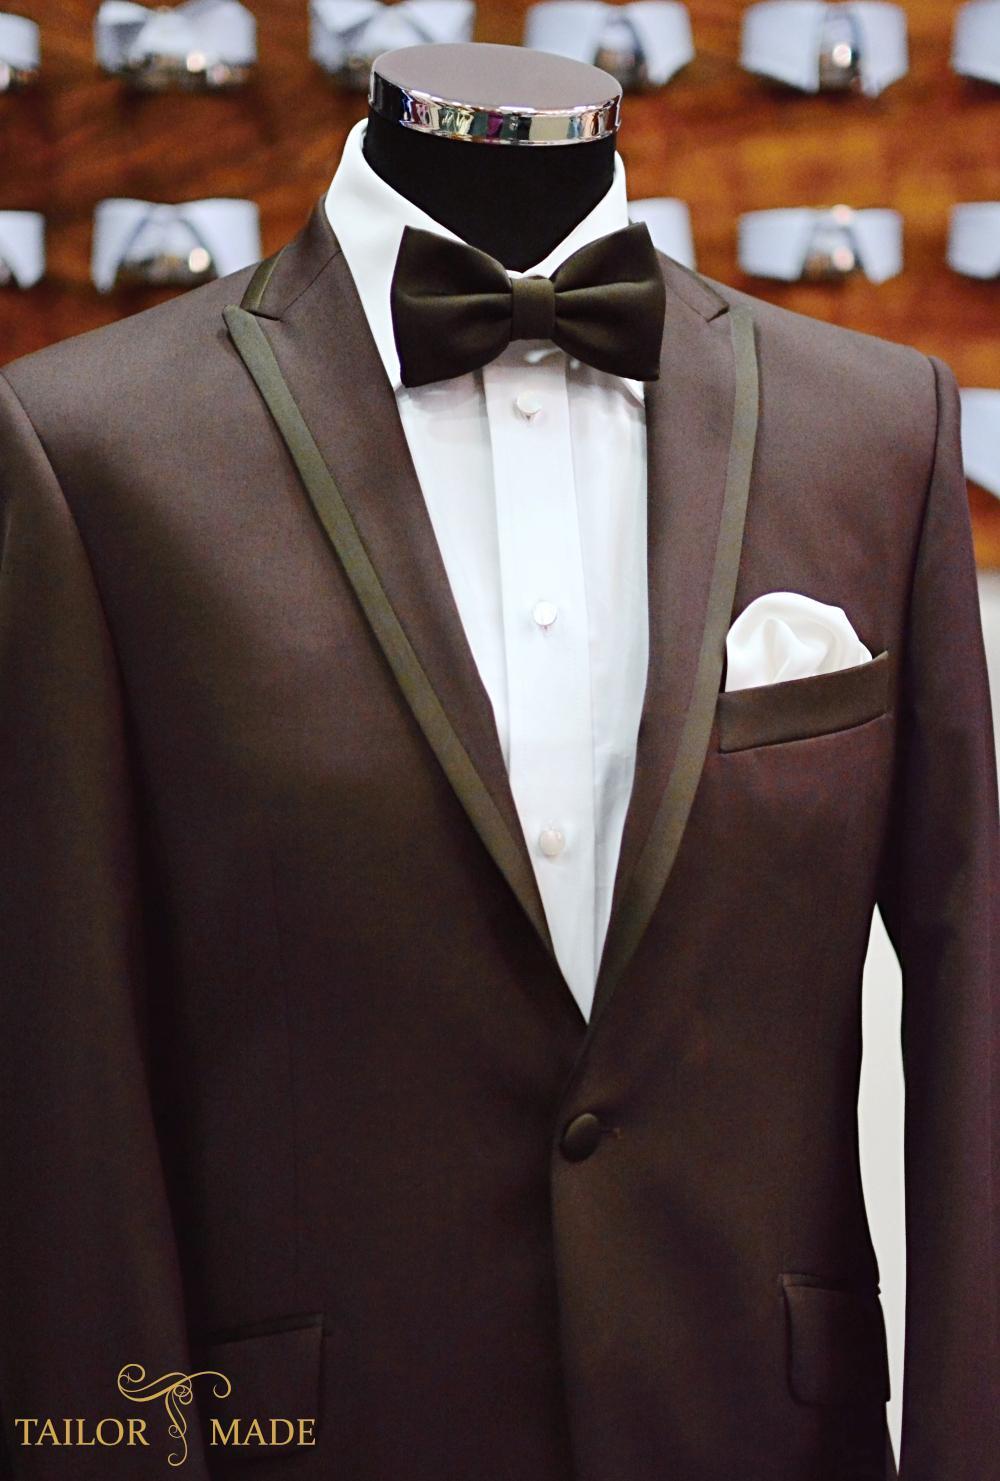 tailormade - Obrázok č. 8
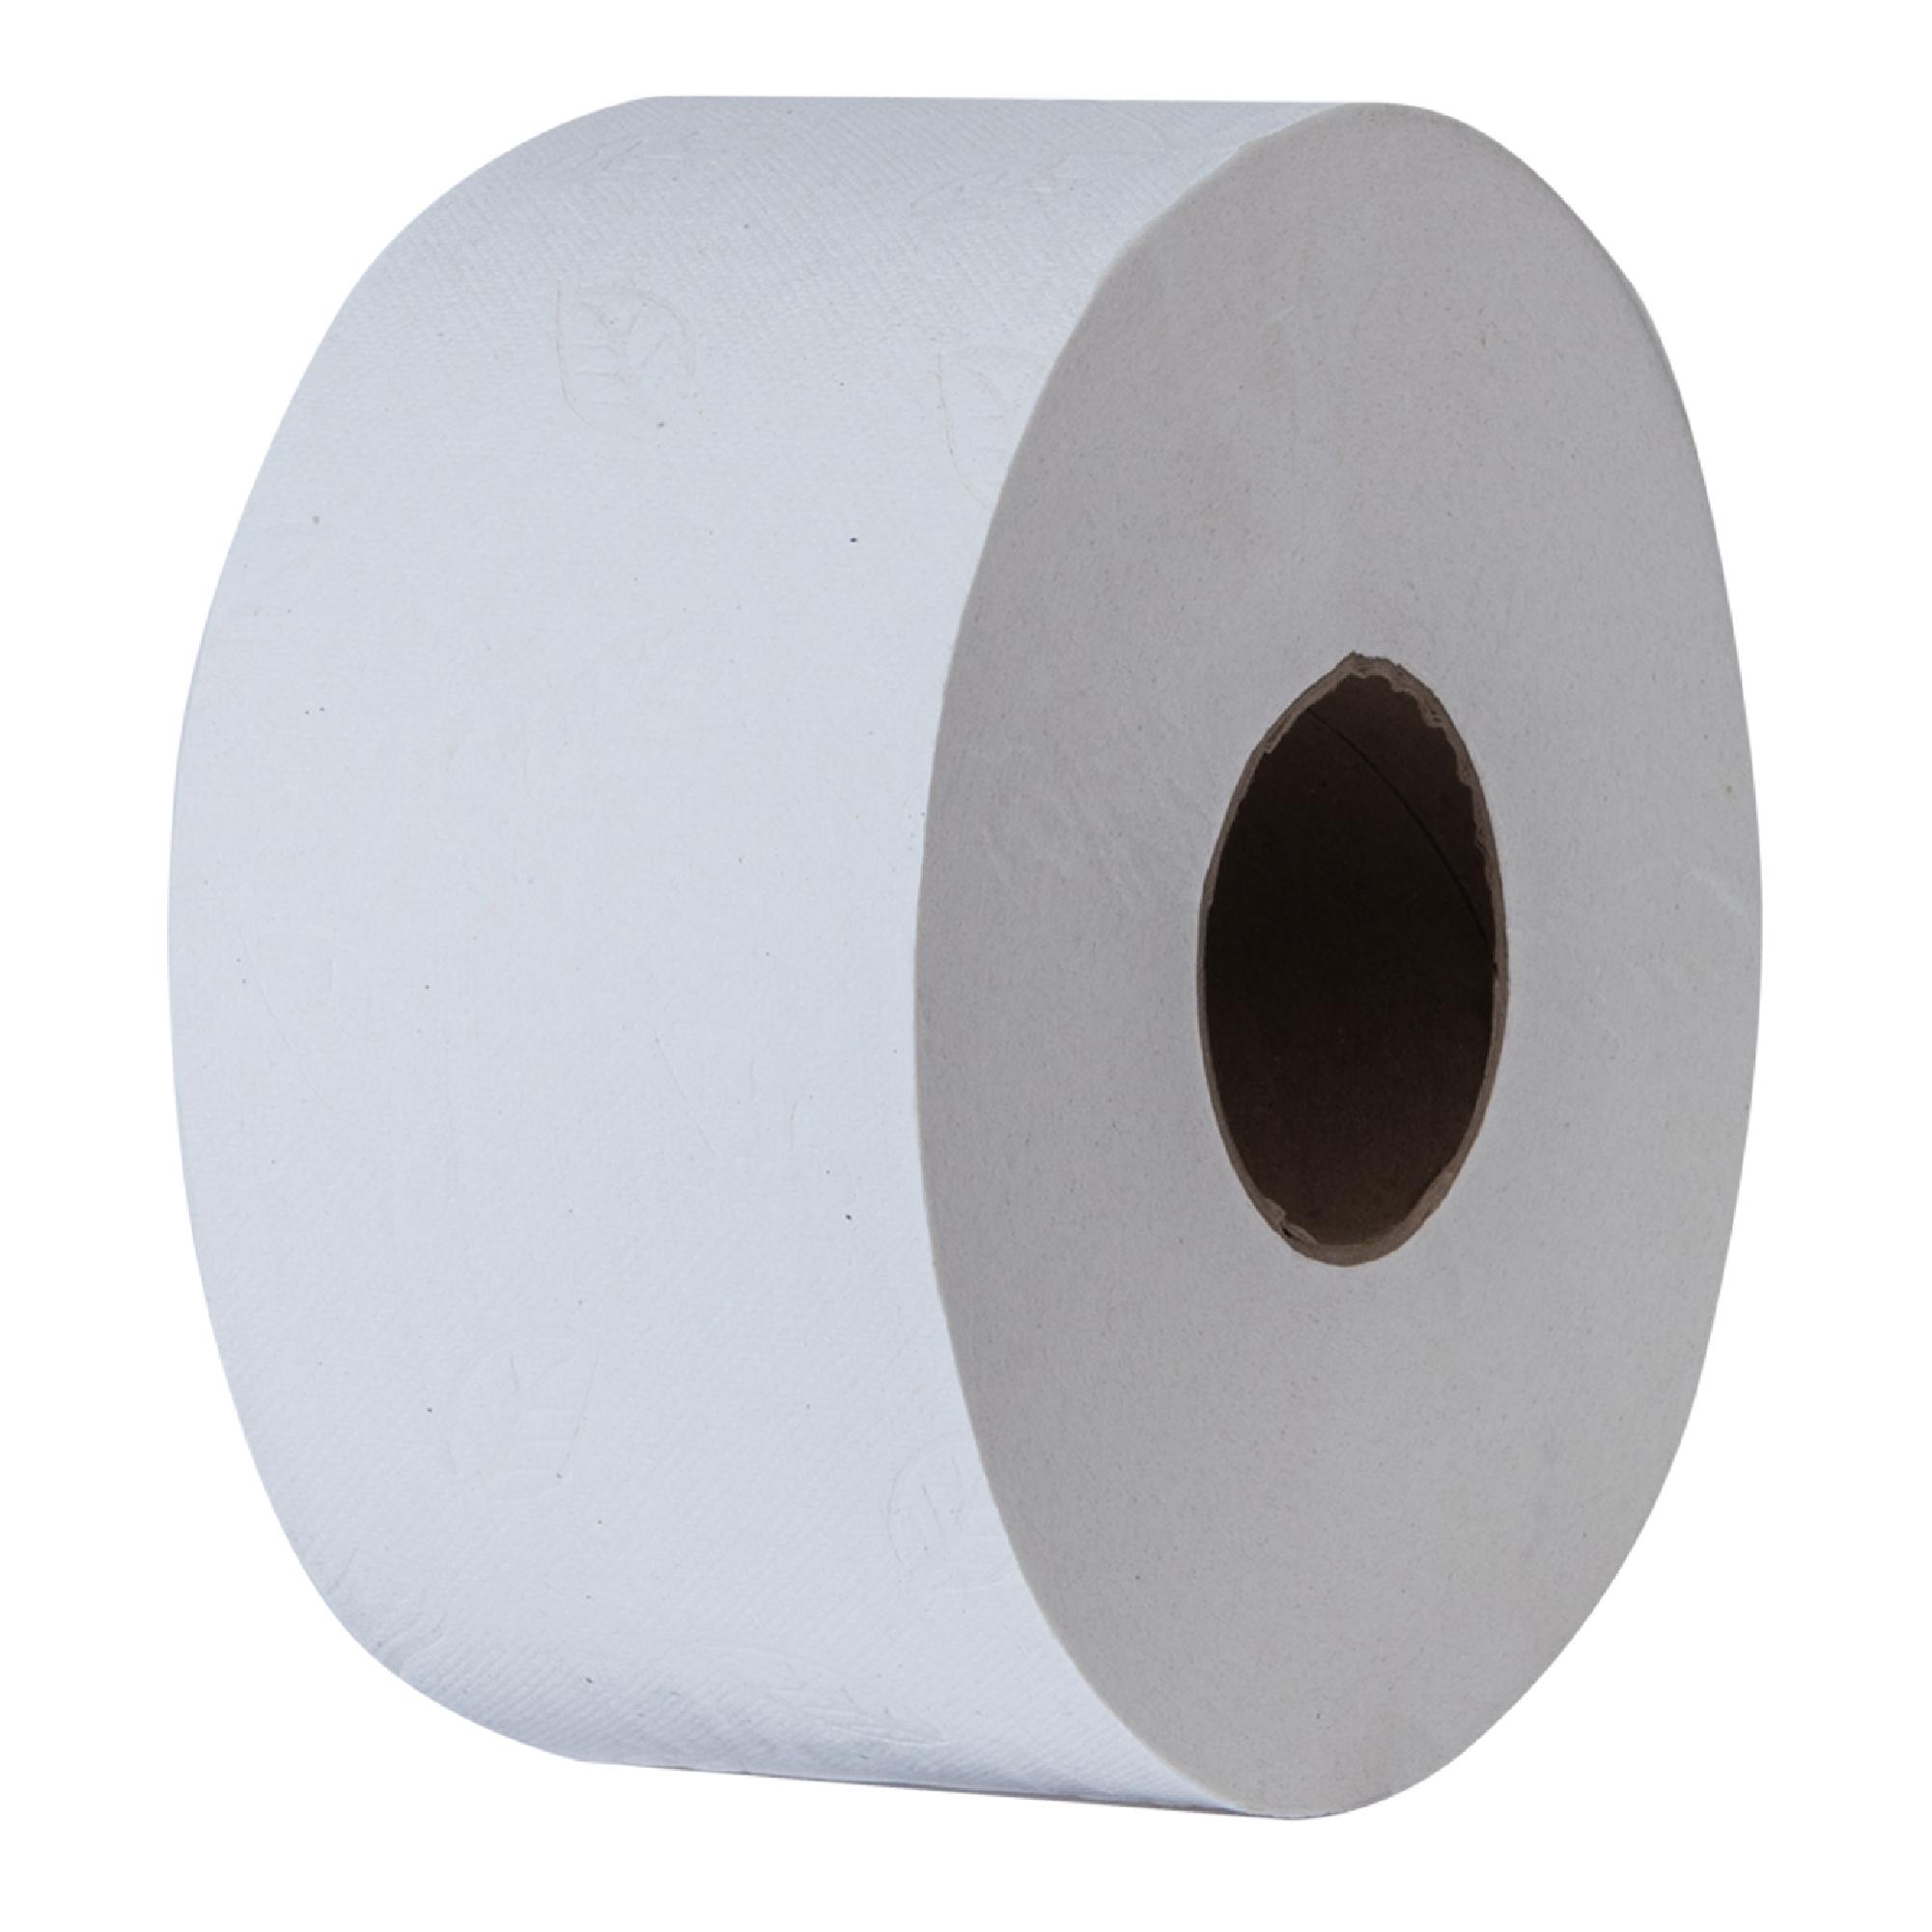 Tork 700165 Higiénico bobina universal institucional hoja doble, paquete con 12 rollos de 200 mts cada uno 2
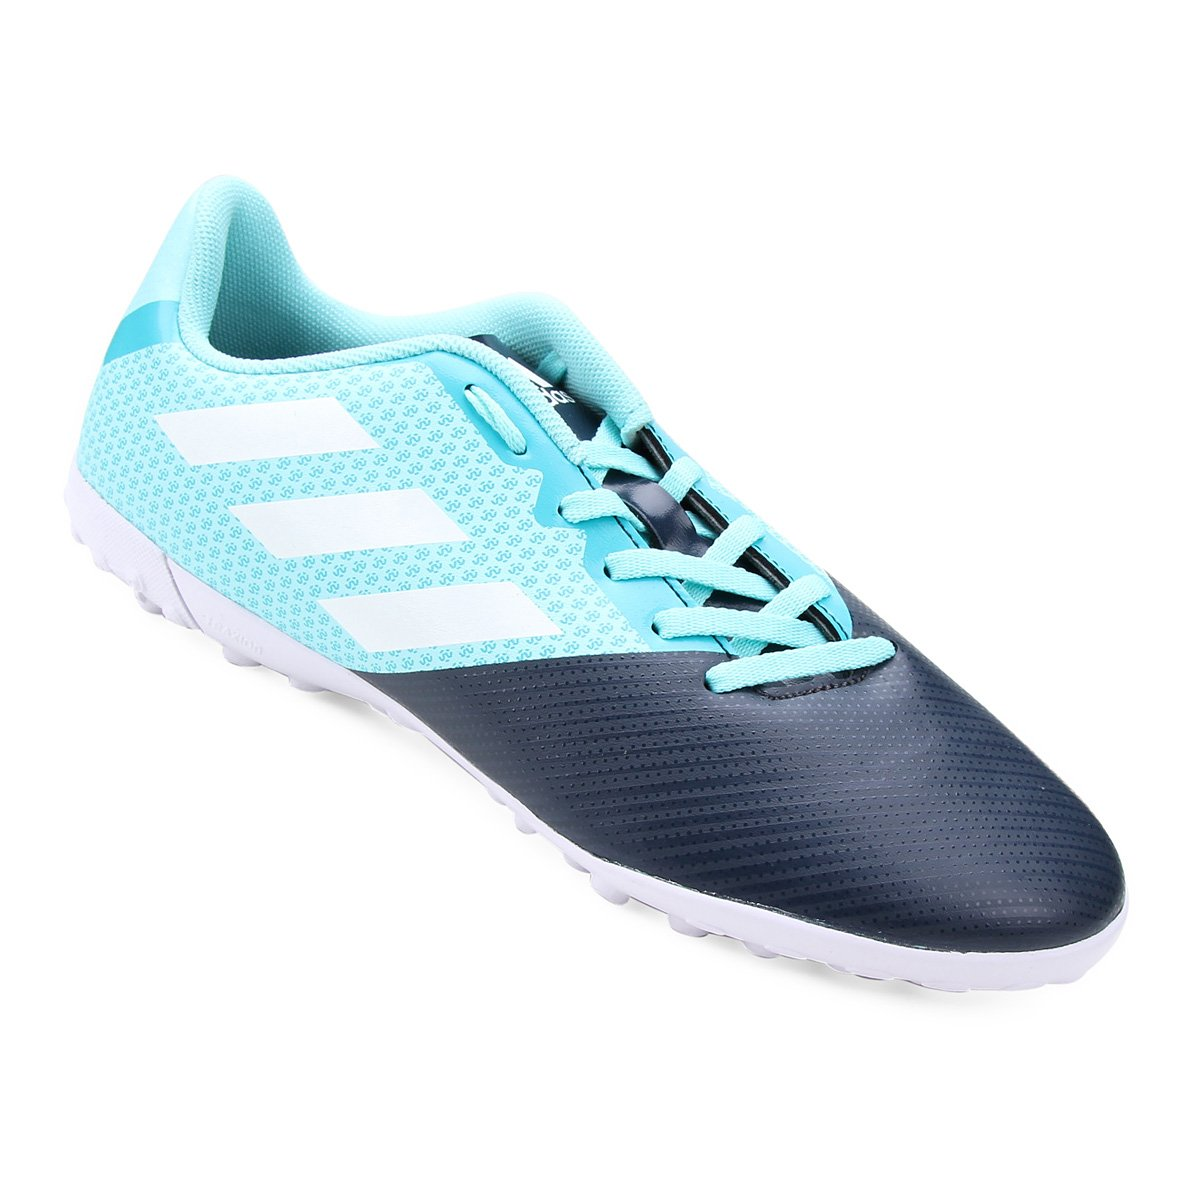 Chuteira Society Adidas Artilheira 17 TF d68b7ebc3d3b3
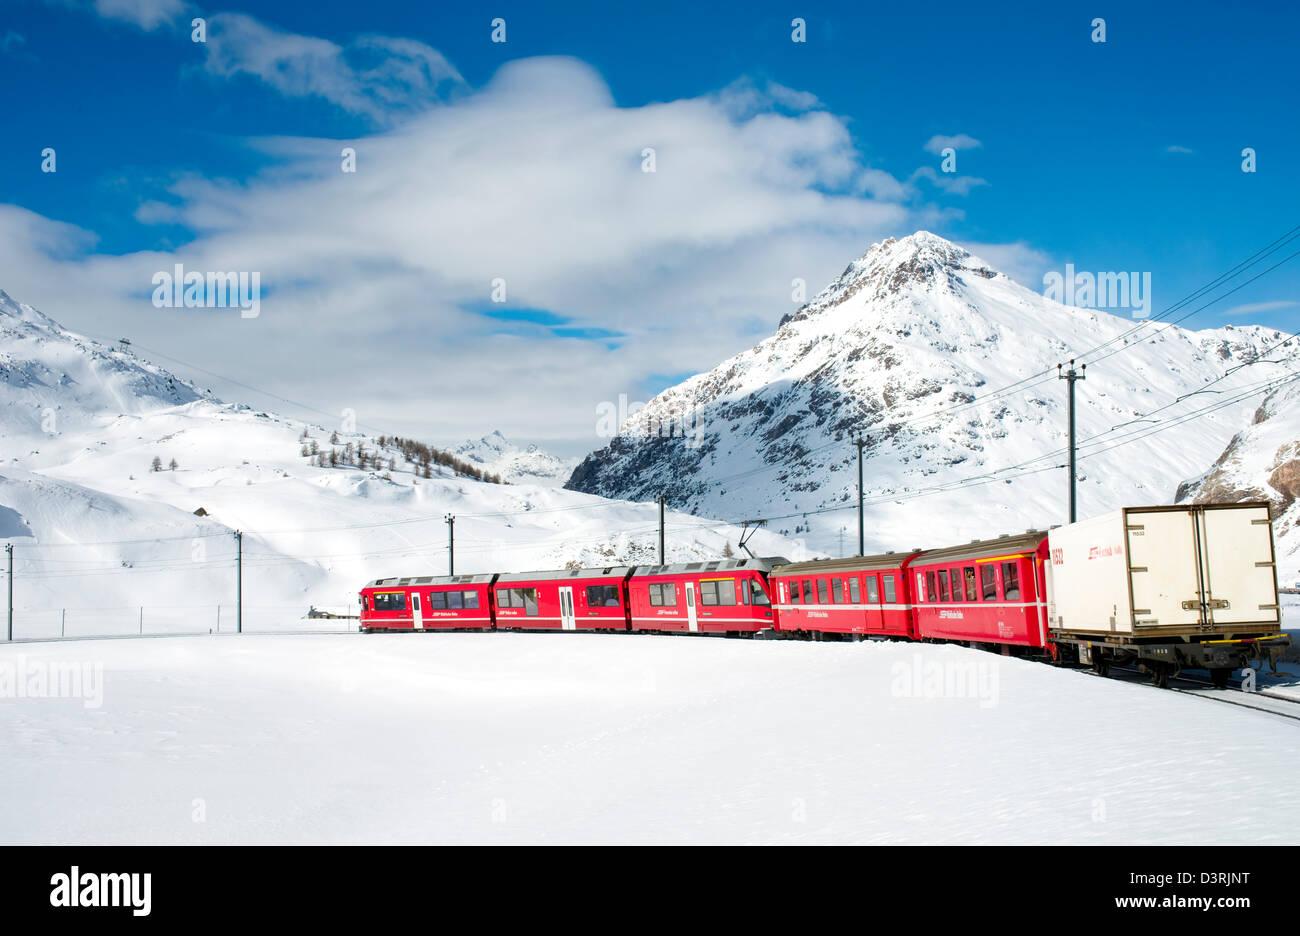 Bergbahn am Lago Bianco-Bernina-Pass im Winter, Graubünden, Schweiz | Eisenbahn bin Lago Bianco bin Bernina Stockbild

- **TASK DESCRIPTION**
Drop every picture from the data, then output all the rest exactly.

- **OUTPUT FOR THIS EXERCISE**
 tailormade - Obrázok č. 8
 Tork 700165 Higiénico bobina universal institucional hoja doble, paquete con 12 rollos de 200 mts cada uno 2
 Chuteira Society Adidas Artilheira 17 TF d68b7ebc3d3b3
 Bergbahn am Lago Bianco-Bernina-Pass im Winter, Graubünden, Schweiz | Eisenbahn bin Lago Bianco bin Bernina Stockbild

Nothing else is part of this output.